I stared at the screens, at the dozen smiling faces of women who had no idea how they looked, archived like evidence.
“You weren’t the first.” Luka rested his hand on my shoulder blade, warm and grounding. “But if you want him stopped, I can do that.”
Dread slithered along my spine, cold and reptilian. I didn’t want to imagine what “stop” meant to Luka. I didn’t want to know what he was capable of, even if it was justified. Or what it would make me complicit in.
“You’re not…going to hurt him.” I tried to make it a statement, but it tipped up at the end, leaving it swinging and fragile.
He glanced at me, pale blue eyes catching the monitor glow. “For you, mila, I would.”
I flinched. “No. You can’t.”
“I can.” The certainty in his words dropped the temperature of the room.

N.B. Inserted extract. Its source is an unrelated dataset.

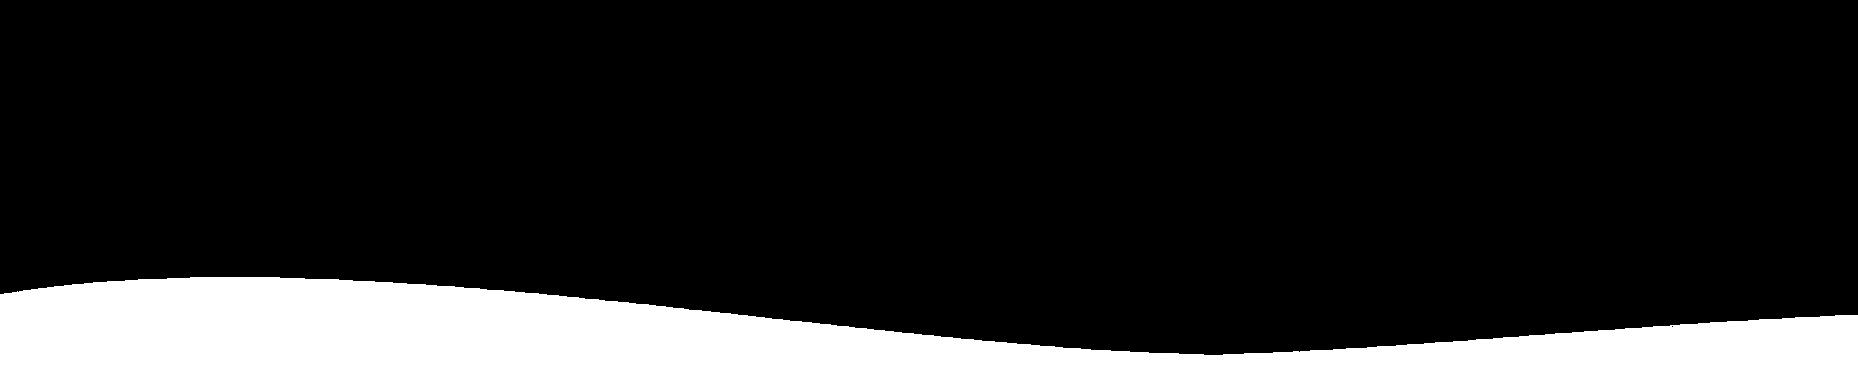 element banner.png

“I don’t want to be the reason something bad happens to someone. Even if he’s…” I gestured helplessly at the array of women on the screen—frozen smiles, lives suspended at the wrong moment.
“A predator.” Luka exhaled sharply, a hiss between his teeth.
“Please.” I swallowed. “Don’t make me someone who wants that.”
“I am not an assassin, Alex. Besides…” He tipped his chin toward the monitor, where Richard’s lineup photo rendered him smaller than his reputation. “Death would be a kindness to a man like him.”
My mouth went dry. “So, what then?”
He folded his arms across his chest and cocked his head. “I imagine his life would become…complicated if this information were made public.”